Did the Tyranids eat a Void Kraken? Is this some new monstrosity crafted from what they learned from devouring its corpse?

My own attempts to reverse-engineer Void Kraken biology were not really going all that well. Mostly because they didn’t really do biology in a way I understood it, and my Eldritch Flesh was not totally compatible with whatever alternate biology they had. My results came out as pseudo-organic meta-materials, like stuff that meshed organic chitin with inorganic metals or crystalline latices.

Some of my earlier templates required me to use my Eldritch flesh and bio-energy in tandem to keep the resulting material intact, lest it crumble into dust as the failing molecular bonds between the two incompatible materials finally dissolved. I managed to work out those kinks, but I could still only make the pseudo-organic materials themselves and not whatever went for organs for Void Krakens, much less their ‘stomachs’ that digested solid matter. But I still needed to add the inorganic materials from somewhere else, unable to recreate them with bioenergy, as I could for everything even vaguely organic.
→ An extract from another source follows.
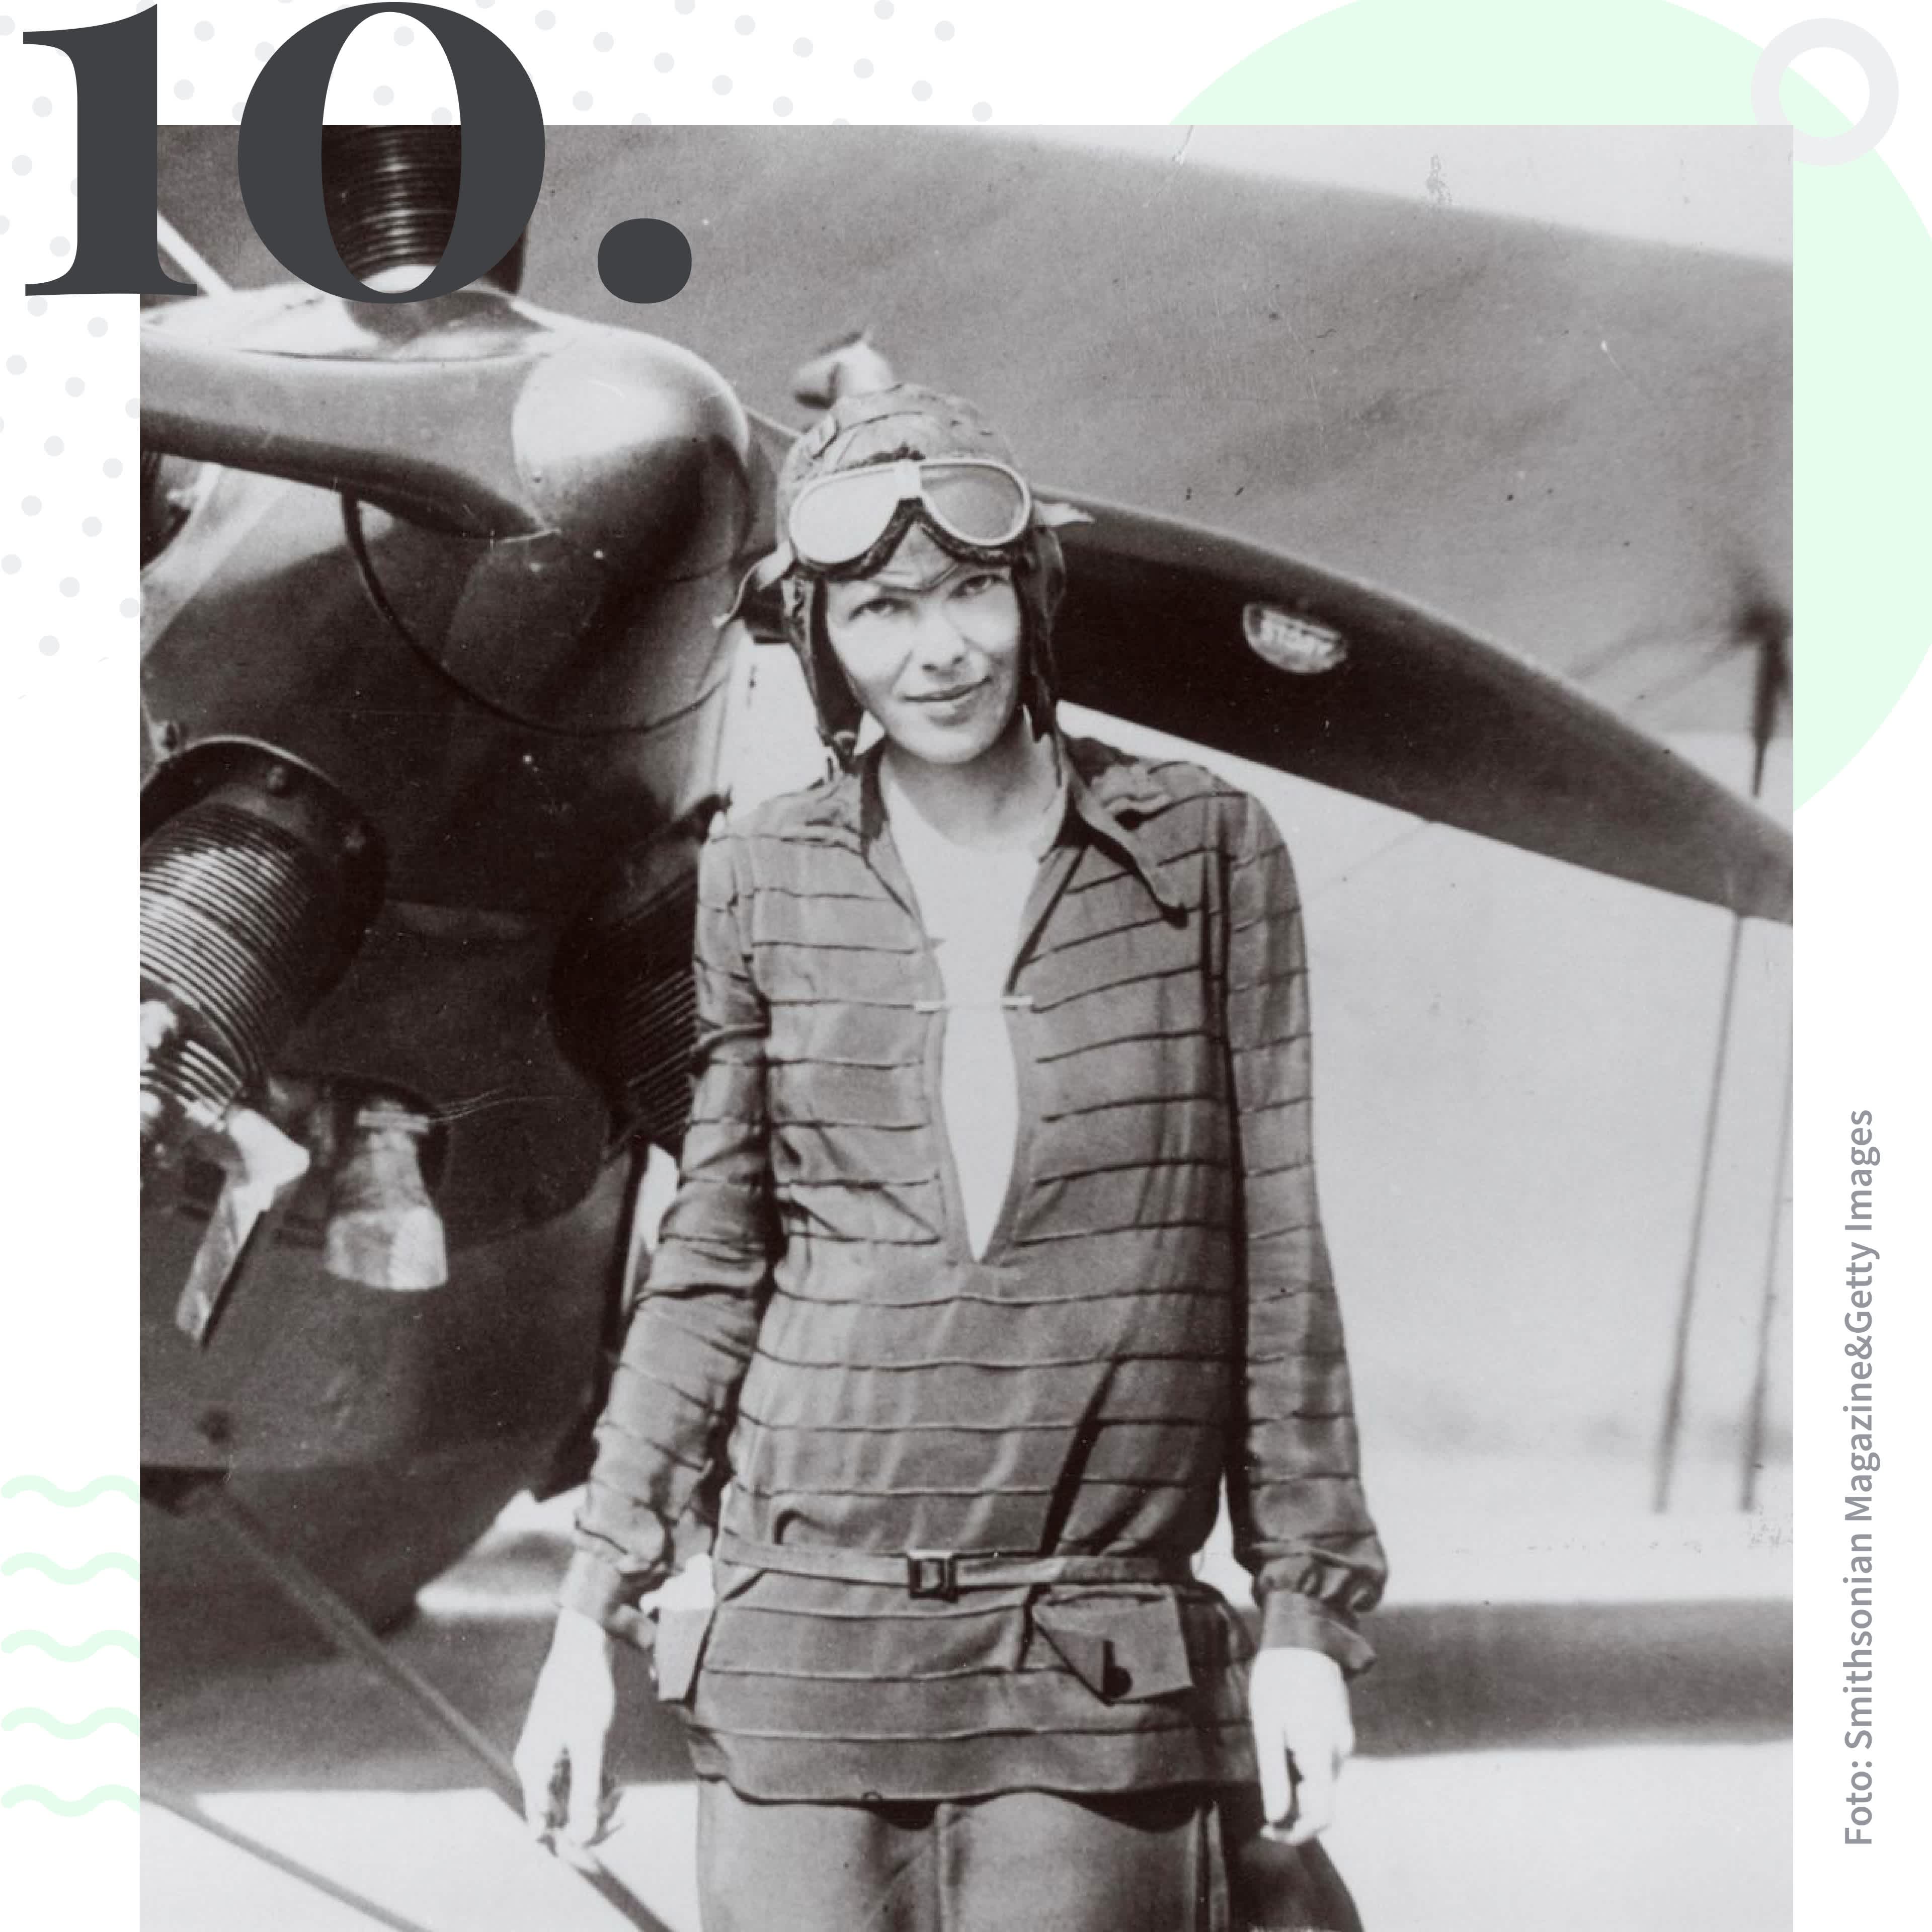 Amelia Earhart überquerte als erste Frau allein den Atlantik. Platz 10 im Tourlane Ranking der inspirierendsten Entdeckerinnen. 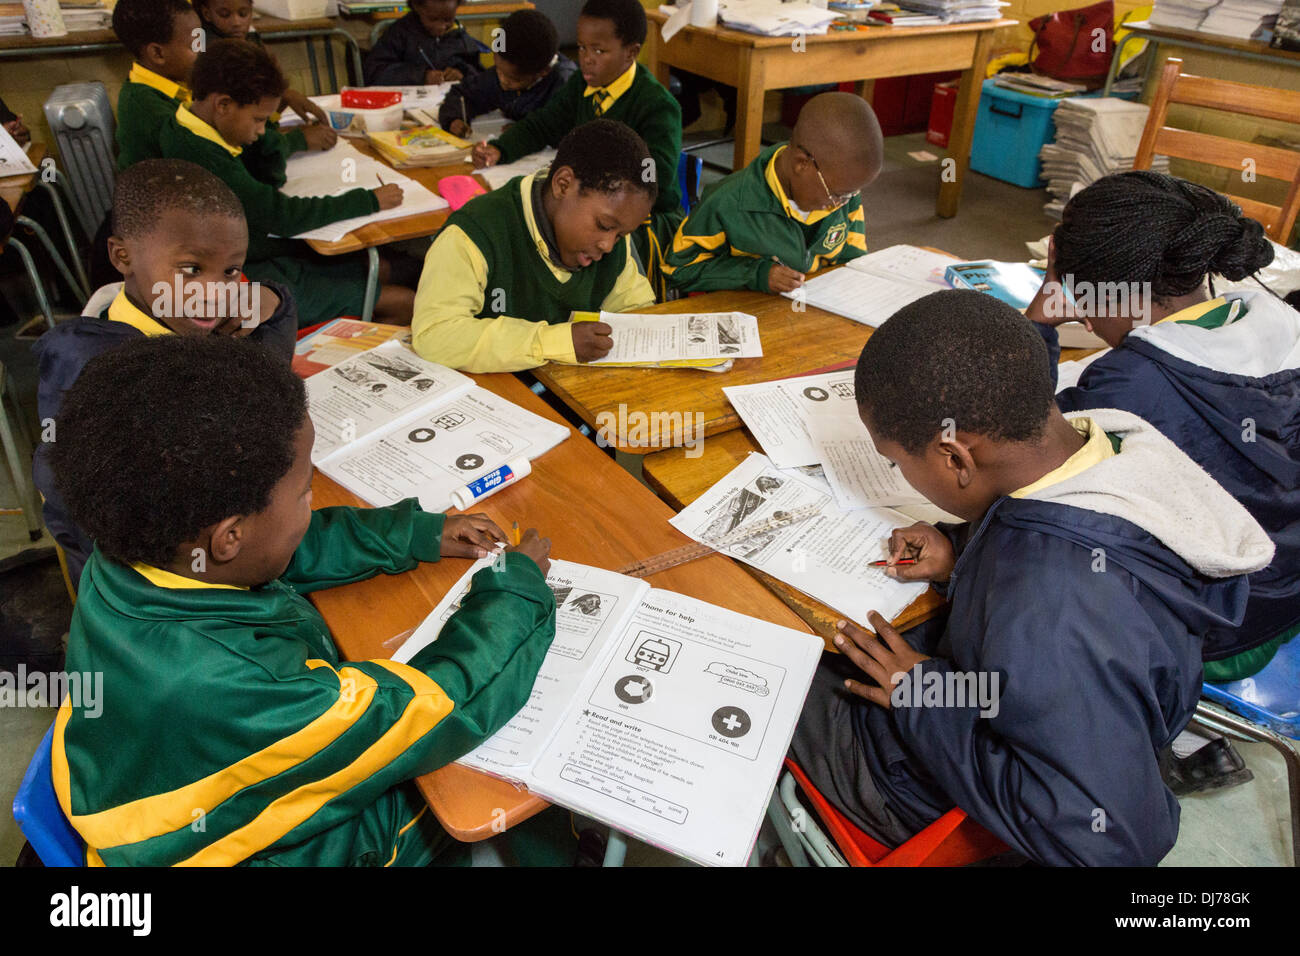 Südafrika, Cape Town, Guguletu Township. Die Jungs bei der Arbeit, in englischer Sprache. Intshinga Primary School, meist Xhosa ethnische Gruppe. Stockfoto

Which made little sense, by the way. I could make pure oxygen and even enriched air, which had nothing organic about it, technically. But I could do it. Same with how I could make iron, salt, and other seemingly inorganic substances the body needed. My current theory was that I had a mental block, or that the fact that I’d been a human before was limiting my capabilities in some way. It was confusing as hell, but then again, it was me trying to understand the intricacies of an Eldritch power, so I guess fuck me then.

So you can probably understand why my first reaction to seeing the Tyranids seemingly achieve what I’ve been having trouble doing was to frown, feeling slightly offended … only to grin shamelessly a moment later. Well, fuck you, Hive Mind. I’m stealing your homework.

The probably-a-Tyranid masquerading as an asteroid didn’t seem to react to my stealthy scan; then again, Void Krakens didn’t have a nervous system as far as I knew. Nor a brain. Or organs. I had no idea how these damned things functioned. They were almost like machines, but even those at least had the decency of having Machine Spirits. Maybe it was like a golem? Some sort of ancient artificial self-replicating superweapon that was robbed of actual sentience? I knew sentience and sapience were important for forming a soul, since none of my drones had souls until I gave them free will and minds of their own modelled after a human’s or an animal's.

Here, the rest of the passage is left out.